Again, though, there is implicit acceptance of the snoopers' questionable assumptions over Section 702 built into this approach. The details on US citizens are referred to as being "incidentally collected" – language that is used by the security services to justify not providing constitutional protections.

There is also precious little evidence that forcing the DNI to provide a report to Congress has a knock-on impact on the spies' accountability or transparency. All it has resulted in so far is the DNI either outright lying to Congress, or pretending to having heard a different question to the one asked.

Blind eye

In asking the DNI to provide the number of US citizens who communications have been collected in the previous six months, the bill's sponsors have also purposefully ignored one of the most visible efforts by the people's representatives to keep the security services in check.

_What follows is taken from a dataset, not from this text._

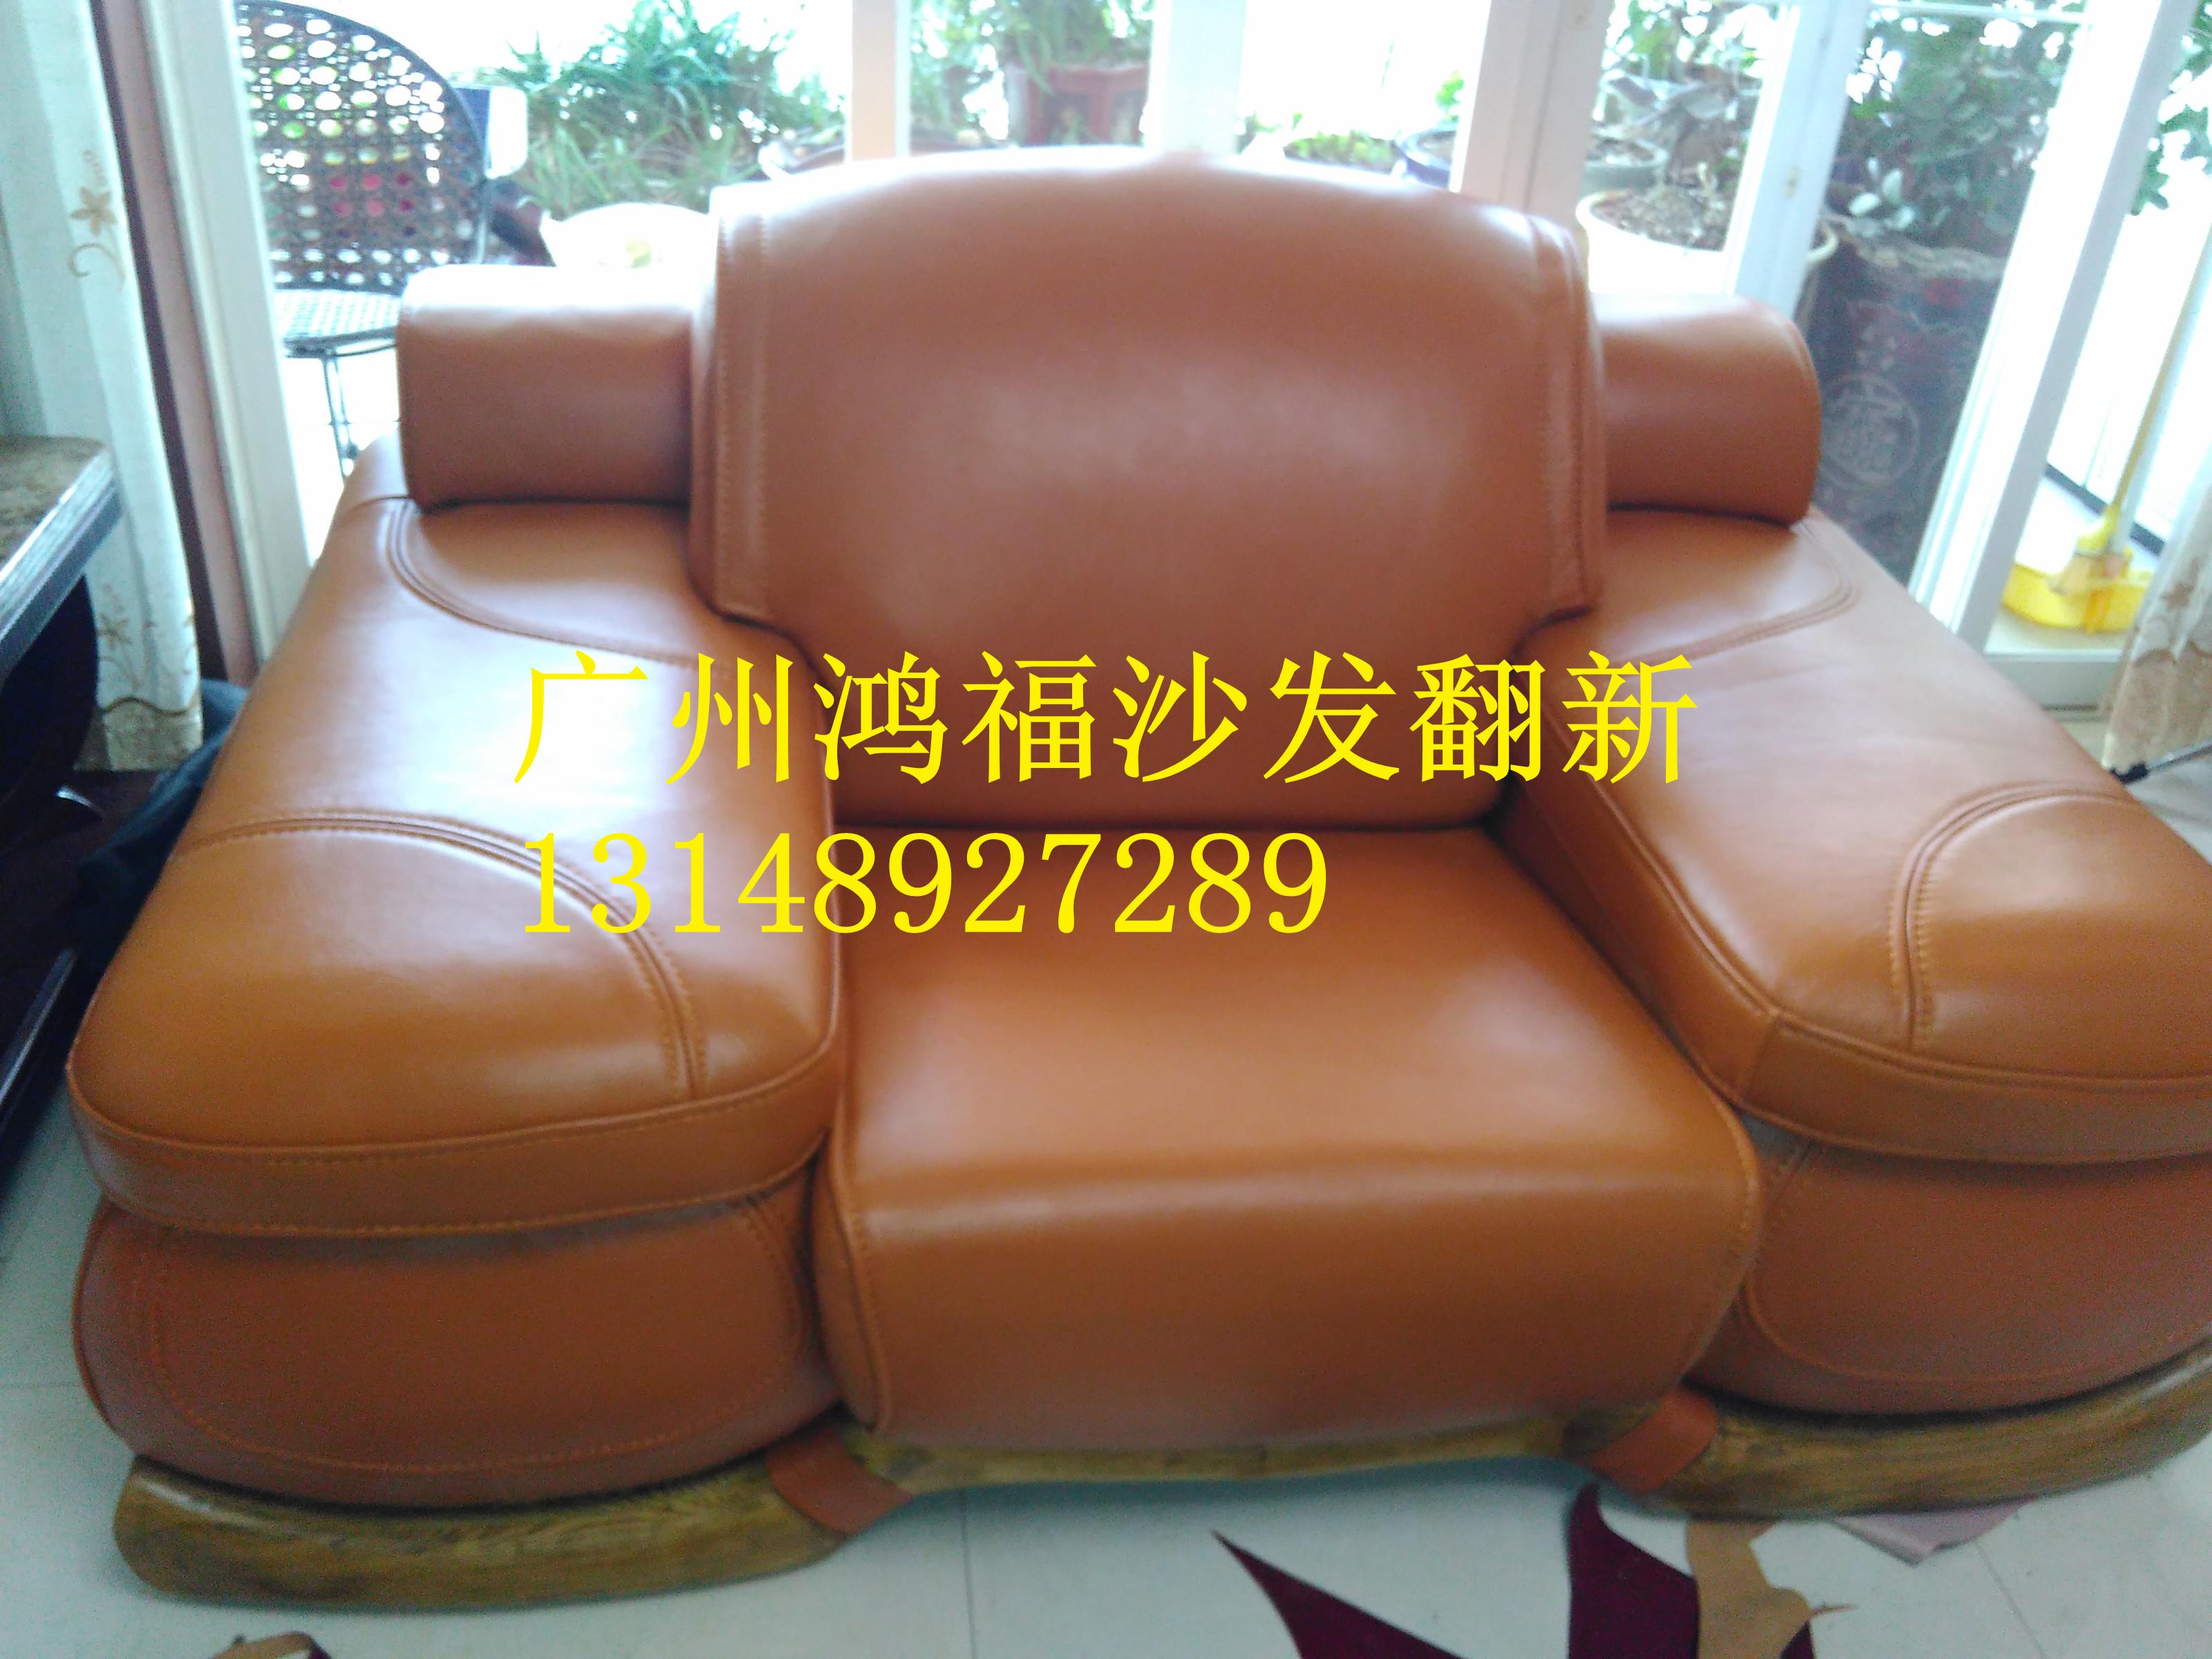 广州海珠区沙发翻新换皮

For several years, Congress has been asking for the NSA and others to provide a figure on the number of American citizens included in the existing 702 database, and they have played years of games in response. Ultimately, the spies simply refused to provide a figure, sparking something close to apoplexy in Senator Ron Wyden (D-OR).

The remaining changes follow a similar pattern: more window-dressing than real reform.

The bill does specifically prohibit the NSA from collecting so-called "about" communication – where anyone even mentioning a specific target could also have their communications stored. But the NSA has already agreed to that change, largely because it was never going to withstand legal scrutiny.

It uses the same formulation as other spying program reforms and allows for a representative of civil liberties groups to argue in front of the secretive Foreign Intelligence Surveillance Court (FISC) as it makes a determination. But, as has been repeatedly noted by such groups, that role is strictly limited. There is no right for that representative to attend hearings; the representative does not have the right to access all the relevant information; and the court is not obliged to listen to, act on, or even reference their arguments. The situation is ripe for abuse.

The bill extends whistleblower protections given to government employees to private contractors that work for the intelligence community. Which sounds good but, again, a look at what has happened in the real world means such protections are likely to be no more than window dressing. No one working for the security services will seriously imagine that attempting to use whistleblower protections will do anything but paint a giant Edward Snowden-shaped target on their back. At least not without a number of public signs of a change in culture – and we have yet to see any.

Return of the PCLOB

And finally, the bill reintroduces the Privacy and Civil Liberties Oversight Board (PCLOB) back into the mix after it was effectively killed off by Congress for daring to criticize other illegal spying programs. The PCLOB was stripped of many of its power – and this bill does not return them. It is notable that President Trump also nominated an NSA-friendly person to chair the PCLOB.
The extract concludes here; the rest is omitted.